In a past article we discussed the concept of asset protection being, at its core, a strategy for risk management. In our last article, we talked about institutional risk, and there is one salient point that is worth reiterating: In order to manage risk, you first have to identify risk. One reason that it’s even necessary for us to point out the idea of institutional risk is that most people aren’t aware that it exists . . . even after the failure of Lehman. Part of that is a false sense of security about things like FDIC insurance. Sure, the FDIC raised its coverage to $250,000, but you are aware that it has 99 years to repay you if your bank fails? What that means for us is simply that the FDIC, like so many other perceived safety nets, is nothing more than an illusion. Well, a nice looking sticker on your bank’s door, in the case of the FDIC.
Unknown Market Risks
Here’s the reality, if you are invested in liquid markets (e.g. stocks and bonds), you are taking risk. You can pick the fasting growing, lowest P/E company out there, but the truth is that the stock’s performance is at least somewhat tied to the overall market. No matter how good a company’s management team is, there is very little that anyone can do about the macro-economy.
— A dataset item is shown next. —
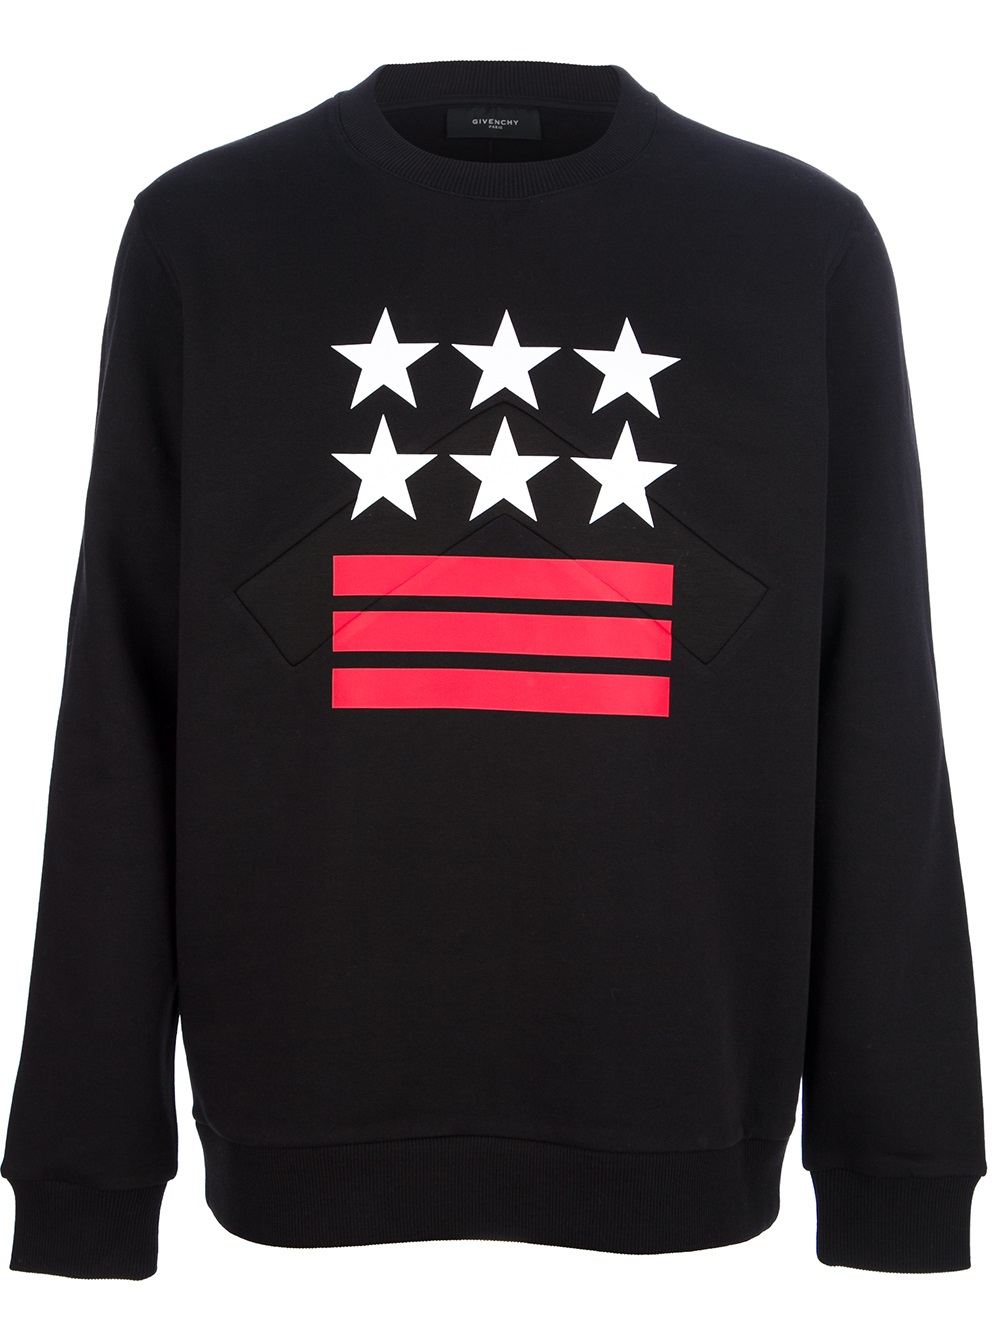 Lyst - Givenchy Stars and Stripes Sweatshirt in Black for Men

This simply means that all investments are subject to market risk on two levels: The macro level (overall domestic and now global economic conditions), and the micro level (ability to compete in a niche and generate high marginal profits that attract long-term investors).
Managing Your Own Portfolio
Many of our clients are investors, and many of them manage their own portfolios. “Home gamers” are people who like to assess risk and allocate assets, but they are at a disadvantage in many cases, because they are often competing for returns against Wall Street professionals who are trained to do one thing: Get your money! Remember, it’s a zero-sum-game. For every winner, there is a loser.
Despite the fact that many do-it-yourself investors are sophisticated professionals, it’s surprising to find out how many of them are “long only” investors–how many of them don’t even know that going short (or selling assets that you don’t own in anticipation of the market falling) is even an option. This type of knowledge is one advantage that professional money managers have over the typical individual investor. It is a huge risk to invest when you don’t know what you don’t know.